Image by Thomas Gadd (copyright Bradford City)

By Katie Whyatt 

Eric Dier’s penalty had barely stopped bouncing when those of a Bradford City persuasion began teasing photographs from the brittle slip covers of the Bantams’ family photo album. Stuart McCall is the closest thing this book has to chapter markers, his haircut unchanging, defying time. There is a picture of someone who may or may not be Ed Sheeran. You can still see the sellotape from where Nahki Wells was torn out for a brief while before he ceased to be the family black sheep and was finally reinstated.
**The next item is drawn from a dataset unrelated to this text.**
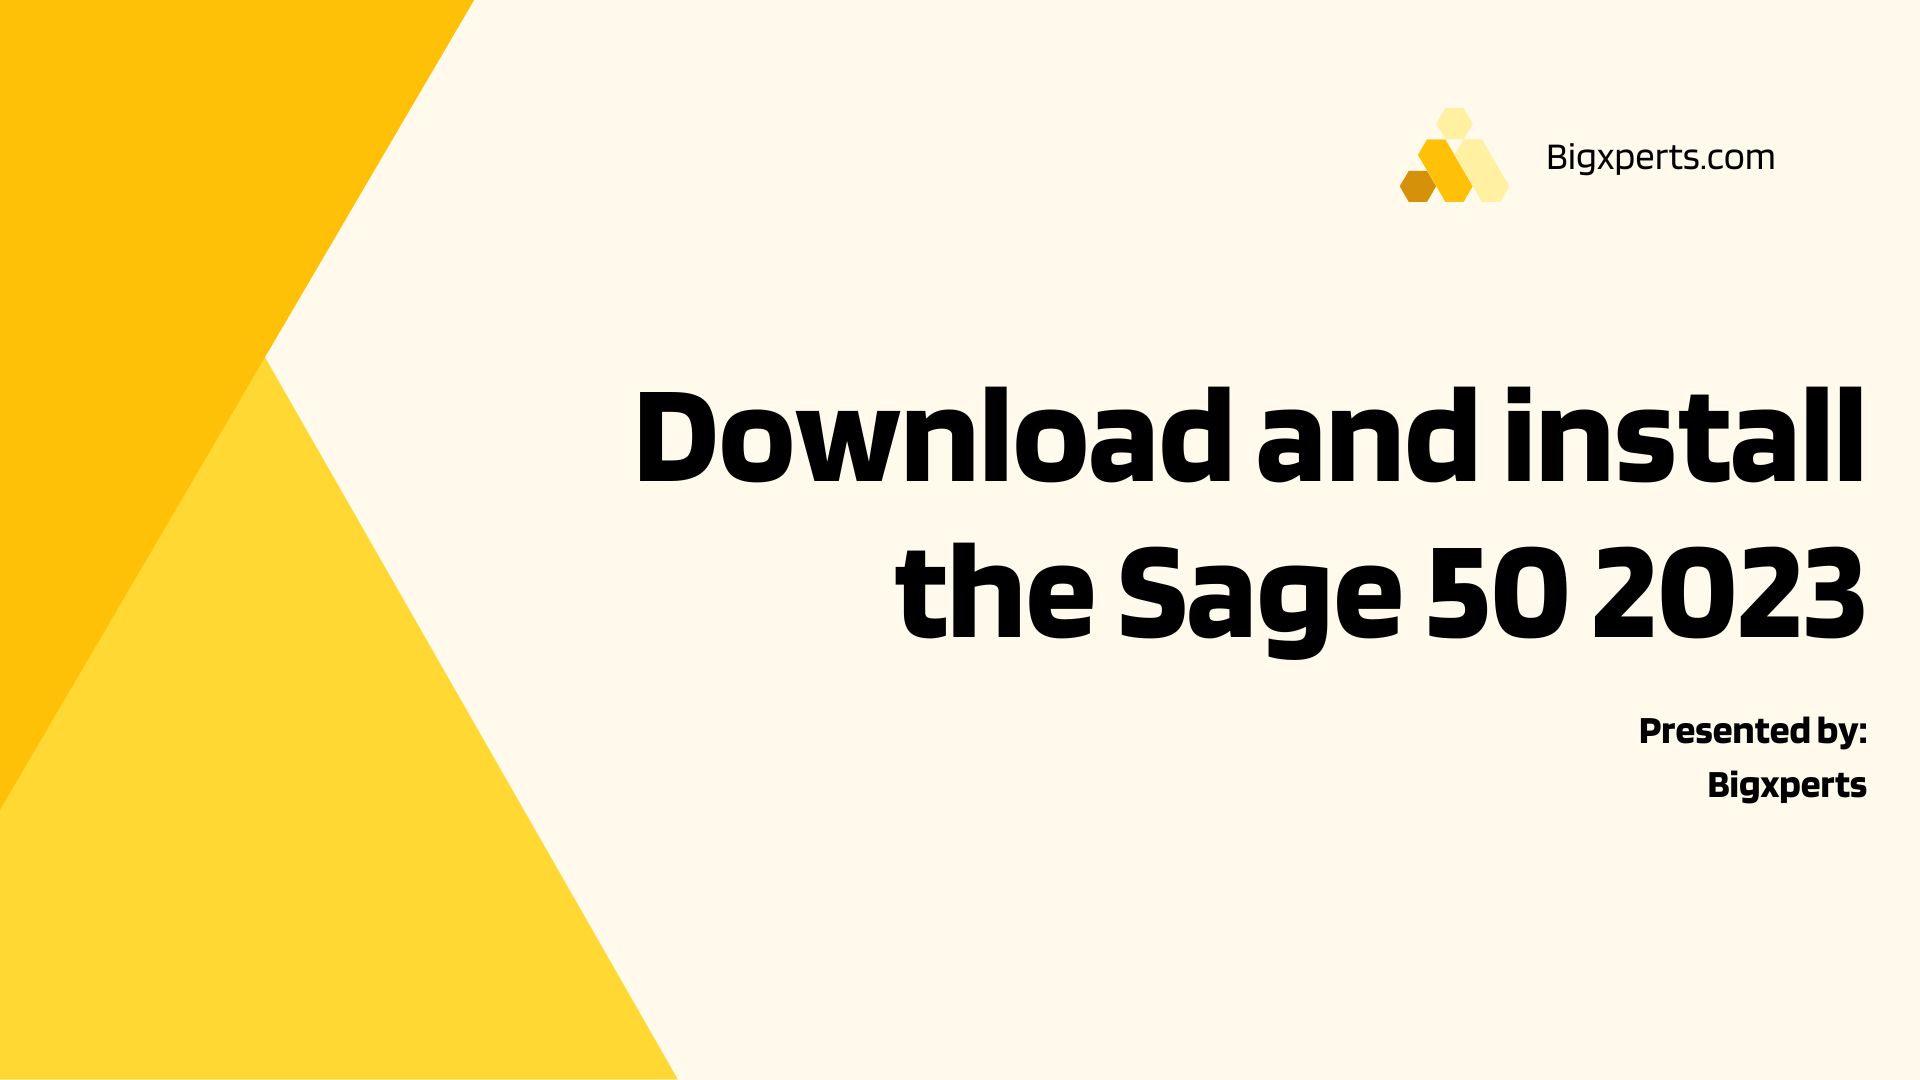 Download and install the Sage 50 2023

And there are plenty of Jordan Pickford.

And they all, like those embarrassing teenage pictures we’ve all tried and failed to destroy, somehow found their way onto Facebook and Twitter on Tuesday night as England broke the chains against Colombia and recorded their first ever World Cup penalty shootout win. Jordan Pickford, circa 2014/15. Now he’s all grown up.

In one, he is barely sneaking into shot, about to slide to his knees as Rory McArdle coaxes the ball away from, of all people, Dele Alli. In another, he leaps furiously, his body pulled into the same swooping shape he assumed in that save from Mateus Uribe on Tuesday night that may be the most athletic of his career. His palm curled back, scooping the danger clear, just.
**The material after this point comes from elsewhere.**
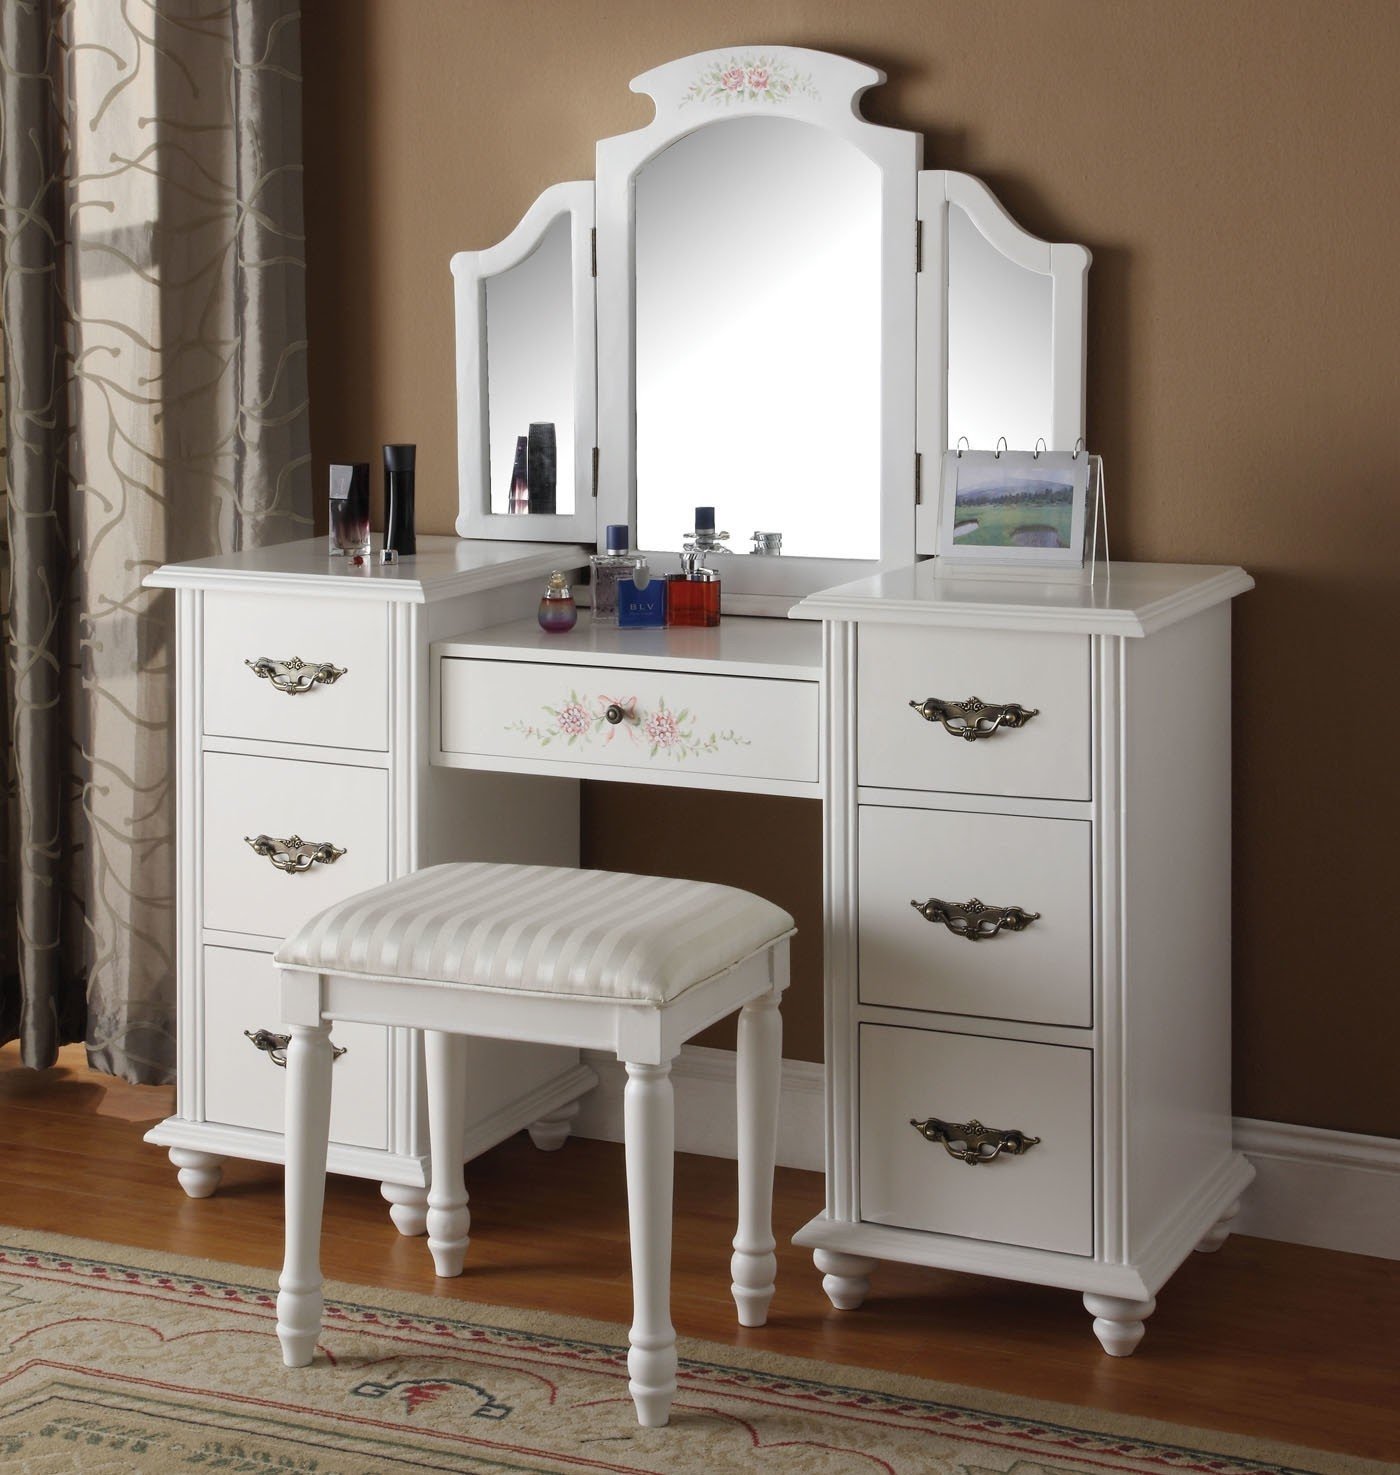 Makeup Vanity Table With Lighted Mirror, Vanity Desk With Drawers And Lighted Mirror

He looks, in some of these, like an infant. There is one that, in all likelihood, is from his Valley Parade league debut, and it is striking how fresh-faced he looks. He’s probably years off shaving. His brow is furrowed, and he nervously nibbles his lip as he trudges wordlessly to his place behind Stephen Darby, Rory McArdle, Andrew Davies and Alan Sheehan. This was his home, once, a quasi-halfway house between youth football and whatever hid beyond the horizon.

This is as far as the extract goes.